Here's a breakdown of the key advantages:

(i) Cost Efficiency

  • Eliminate Cloud Fees: Running inference on a cloud server incurs recurring costs based on usage (e.g., per token for LLMs, per inference for image processing). By performing inference locally, we can significantly reduce or even eliminate these operational expenses, leading to substantial cost savings, especially for apps with a large user base or high usage.
  • Predictable Costs: The costs are upfront (model development and app integration), rather than variable monthly bills from cloud providers.

(ii) Enhanced Privacy and Security

  • Data Stays On-Device: This is arguably the most significant advantage. When AI inference happens locally, sensitive user data (photos, voice recordings, personal text, health data) never leaves the device. This eliminates the need to transmit data to external servers, drastically reducing the risk of data breaches, unauthorized access, and privacy violations.
  • Compliance: For industries with strict data privacy regulations (like healthcare under HIPAA or general data protection under GDPR), local inference simplifies compliance, as sensitive information doesn't need to be managed by third-party cloud providers.
  • User Trust: Users are increasingly concerned about their data. Apps that clearly state and demonstrate on-device processing build greater user trust and confidence.

(iii) Reduced Latency and Real-time Responsiveness

  • Instantaneous Feedback: By eliminating the network round-trip to a cloud server, local inference provides near-zero latency. This means AI-powered features can respond in milliseconds, leading to a much smoother and more natural user experience.
  • Real-time Applications: This is critical for applications that require immediate responses, such as:
    • Live camera filters/effects: Applying AI effects to video streams in real-time.
    • On-device speech recognition and translation: Instantaneous voice commands and language translation.
    • Augmented Reality (AR): Real-time object recognition and scene understanding for AR experiences.
    • Predictive text and smart replies: Generating suggestions as you type.

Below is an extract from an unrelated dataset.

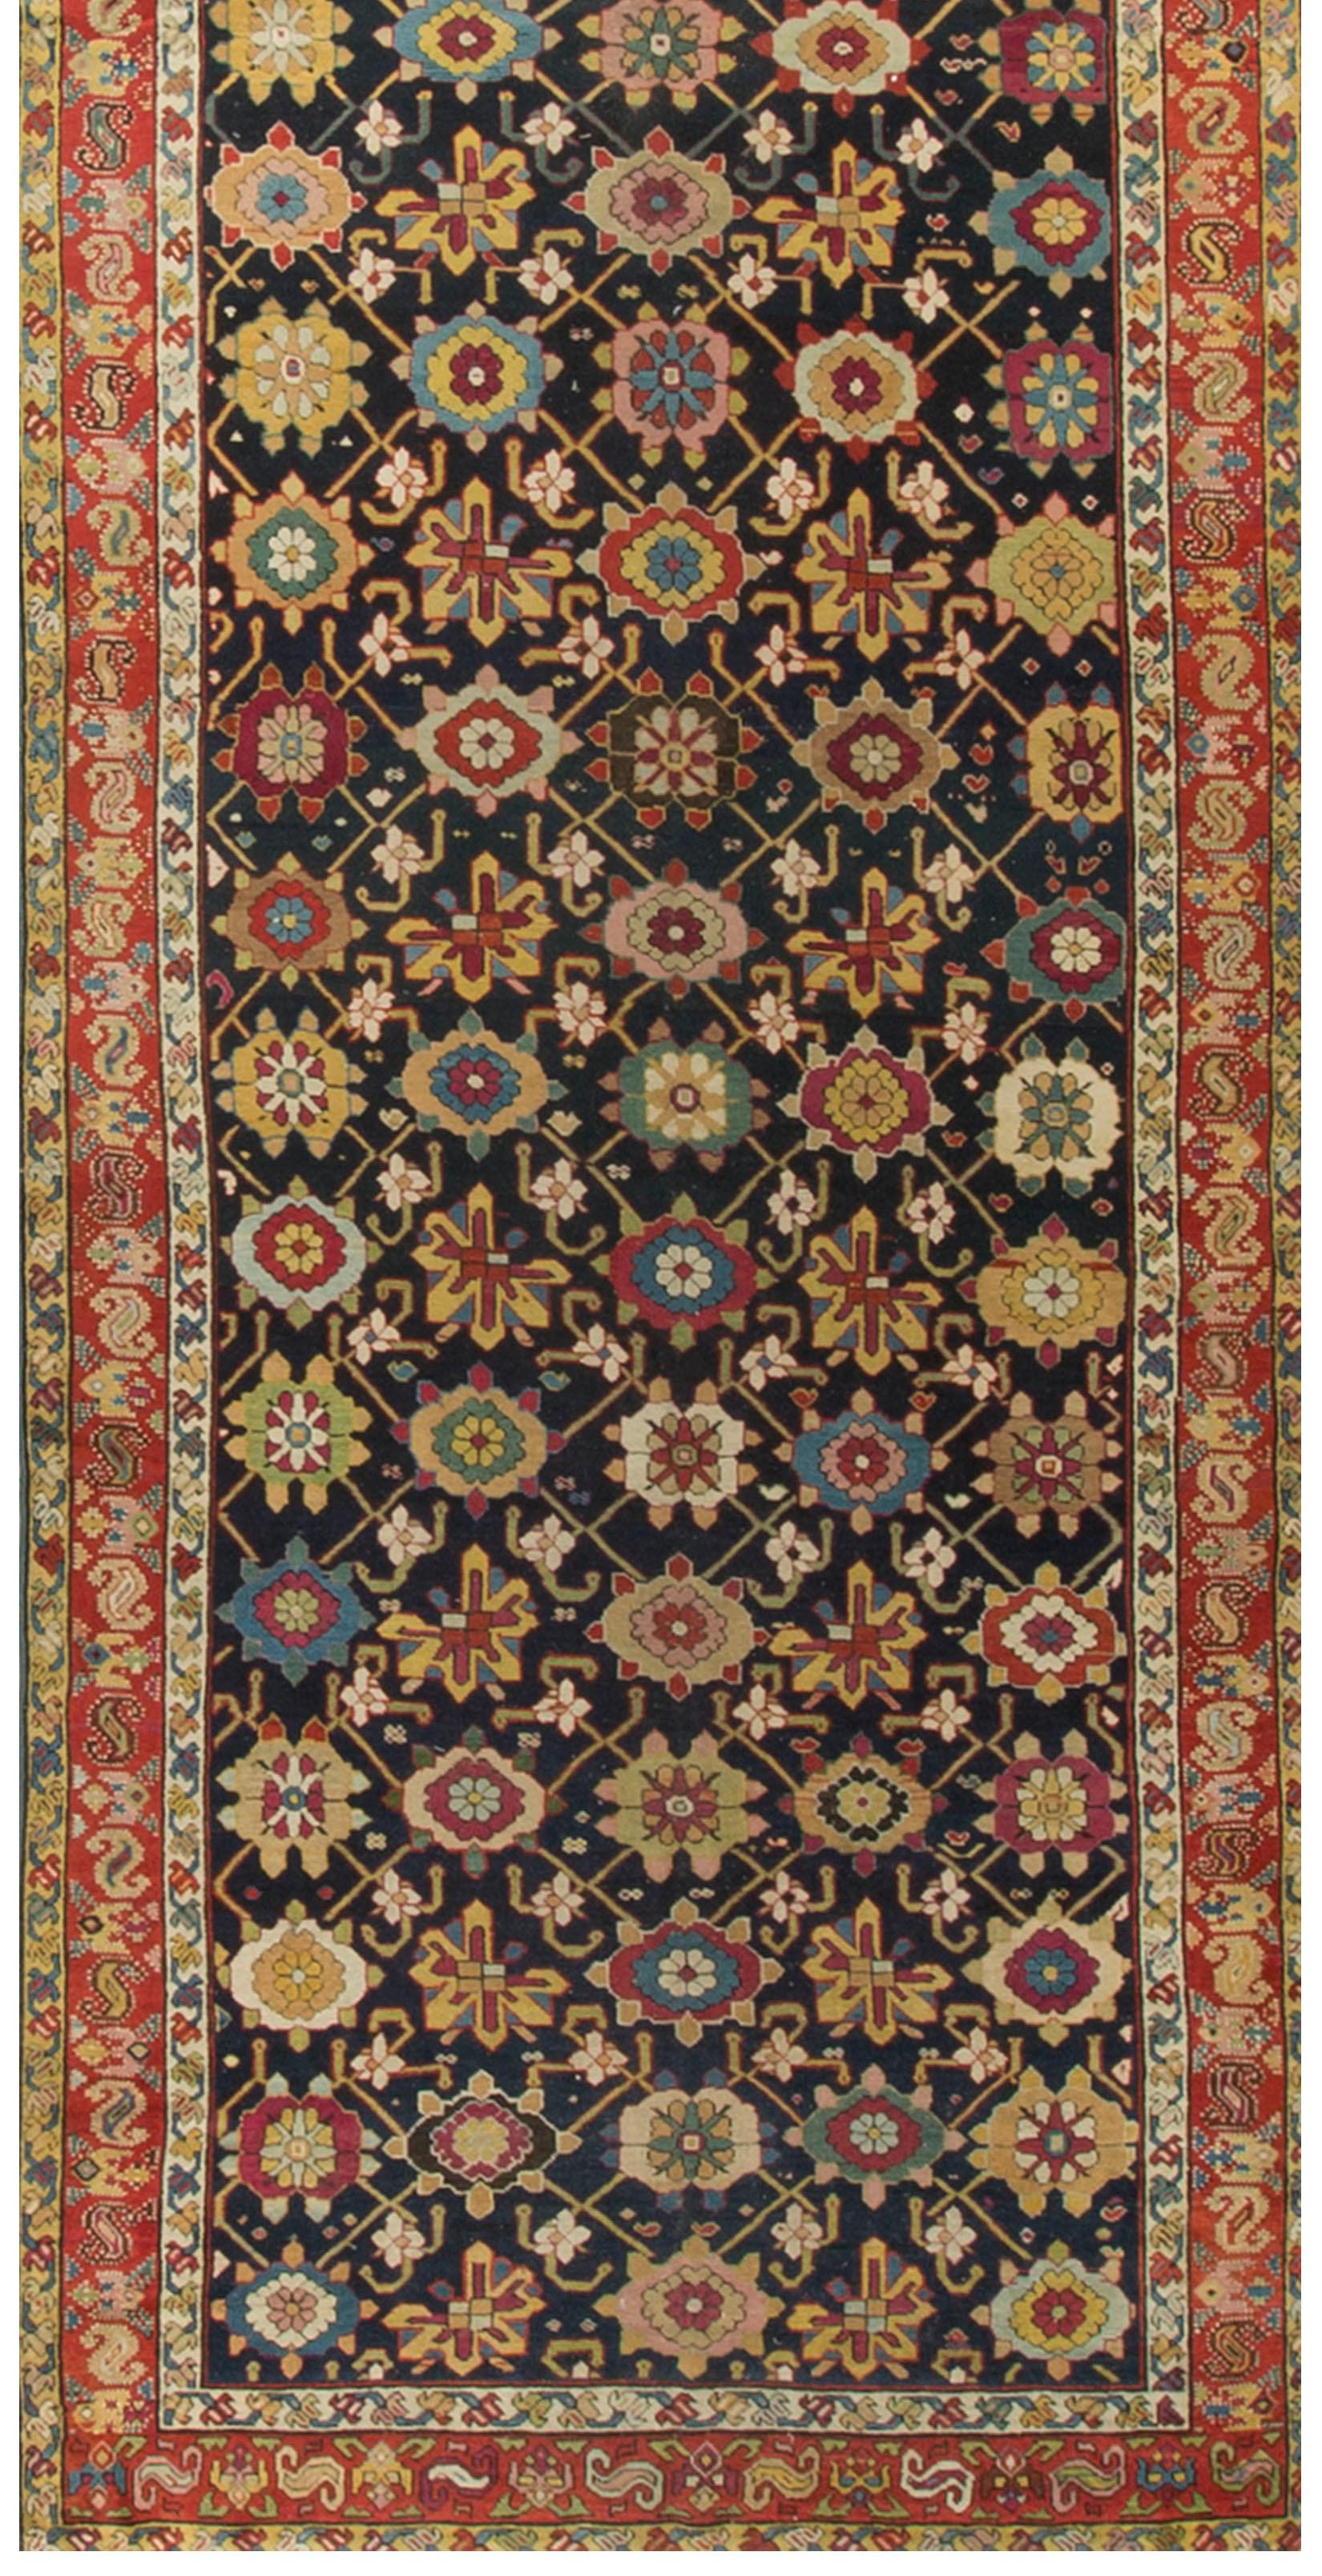 Caucasian Karabagh rug runner, circa 1900. Across the Aras river from Karajeh is the Armenian Caucasian rug area of Karabagh (Black Garden) which wove scatters, runners and gallery rugs from the 17th century onwards, often with cochineal reds and

(iv) Offline Functionality

  • No Internet Required: Small embedded models can function perfectly well without an active internet connection. This makes the AI features available in remote areas, during travel (e.g., on a plane), or in situations with unreliable network connectivity.
  • Increased Reliability: The app's AI features are not dependent on external network infrastructure, making them more robust and less prone to disruptions from server outages or internet problems.

(v) Energy Efficiency and Resource Optimization

  • Optimized for Device Hardware: Small models are specifically designed and optimized to run efficiently on the limited computational resources (CPU, GPU, Neural Processing Units/NPUs) of mobile devices.
  • Lower Power Consumption: Efficient models require less processing power, which translates to reduced battery drain on mobile devices, enhancing user convenience.

(vi) Personalization and Customization

  • Contextual Understanding: Local models can leverage on-device data and user behavior patterns to provide highly personalized experiences without sending that personal data to the cloud.
  • Tailored Experiences: An app can adapt its AI features based on individual user habits, preferences, and context, leading to more relevant recommendations, content, and interactions.

(vii) New Use Cases and Innovation

  • Unlocking New Possibilities: The combination of low latency, privacy, and offline capabilities opens up entirely new categories of applications that were previously impractical or impossible with cloud-only AI.
  • Edge Intelligence: This approach empowers "edge computing," bringing intelligence directly to where the data is generated, fostering innovation in areas like smart home devices, wearables, and industrial IoT.


Conclusion

While a big chunk of R&D is focusing on very powerful multipurpose LLMs, I believe there's a real need for local small embeddable models.
These will be used on specialized applications demanding real-time responses, offline capability, stringent privacy, and cost-efficiency.
The emphasis will increasingly be on highly optimized small models deployed directly on edge and mobile devices.